Step 2: Calculate Indicators

Now, we use pandas to calculate the rolling averages.

# 2. Calculate SMAs
# Calculate the 50-day and 200-day Simple Moving Averages
df['SMA_50'] = df['Close'].rolling(window=50).mean()
df['SMA_200'] = df['Close'].rolling(window=200).mean()

# Drop NaN values (the first 200 days won't have an SMA_200)
df.dropna(inplace=True)

Step 3: Generate Signals

Here is where the magic happens. We create a logic that tells the computer when to be "in" the market and when to be "out".

# 3. Generate Signals
# If SMA_50 > SMA_200, Signal = 1 (Buy/Hold)
# If SMA_50 < SMA_200, Signal = 0 (Sell/Cash)
df['Signal'] = np.where(df['SMA_50'] > df['SMA_200'], 1, 0)

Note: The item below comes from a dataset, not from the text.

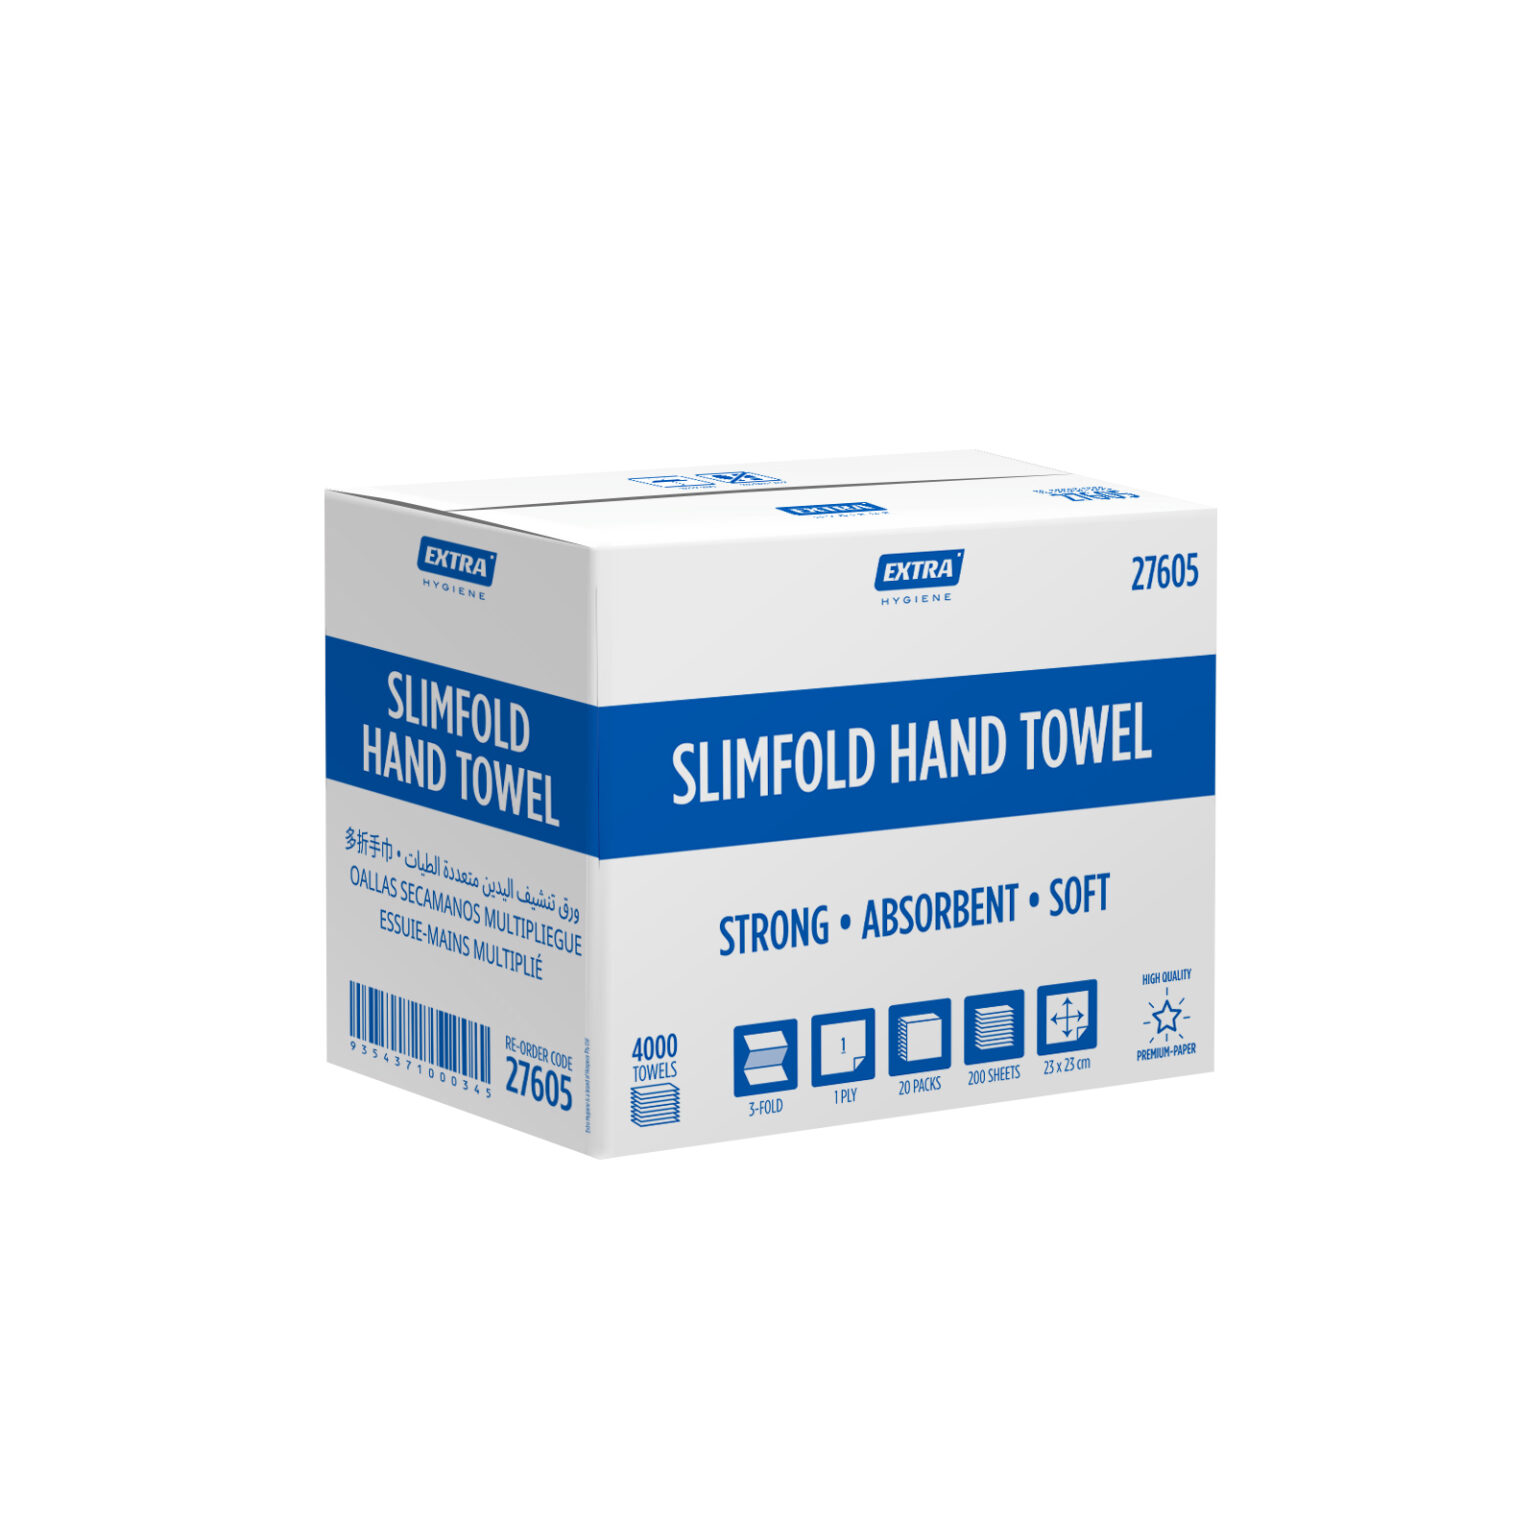 276045-Slimfold-hand-towel-1600x1600

# IMPORTANT: Shift the signal by 1 day!
# Why? We calculate the signal based on today's CLOSING price. 
# We can only execute the trade the NEXT day. 
# Without .shift(1), we introduce "look-ahead bias" (cheating).
df['Position'] = df['Signal'].shift(1)

Step 4: Calculate Returns

We compare the strategy against a simple "Buy and Hold" approach.

# 4. Calculate Returns
# Calculate daily percent change (returns) of Bitcoin
df['Market_Returns'] = df['Close'].pct_change()

# Calculate Strategy Returns: Position (1 or 0) * Market Returns
# If Position is 0 (Cash), our return for that day is 0.
df['Strategy_Returns'] = df['Position'] * df['Market_Returns']

# Calculate Cumulative Returns (Growth of $1 investment)
df['Cumulative_Market'] = (1 + df['Market_Returns']).cumprod()
df['Cumulative_Strategy'] = (1 + df['Strategy_Returns']).cumprod()

# Print the final result
print(f"Buy & Hold Return: {(df['Cumulative_Market'].iloc[-1] - 1)*100:.2f}%")
print(f"Strategy Return:   {(df['Cumulative_Strategy'].iloc[-1] - 1)*100:.2f}%")

Visuals: Plotting the Performance

Use matplotlib to verify your signals visually.

# Plotting
plt.figure(figsize=(12, 6))

# Plot cumulative returns to compare performance
plt.plot(df['Cumulative_Market'], label='Buy & Hold (BTC)', color='gray', alpha=0.5)
plt.plot(df['Cumulative_Strategy'], label='SMA Crossover Strategy', color='green')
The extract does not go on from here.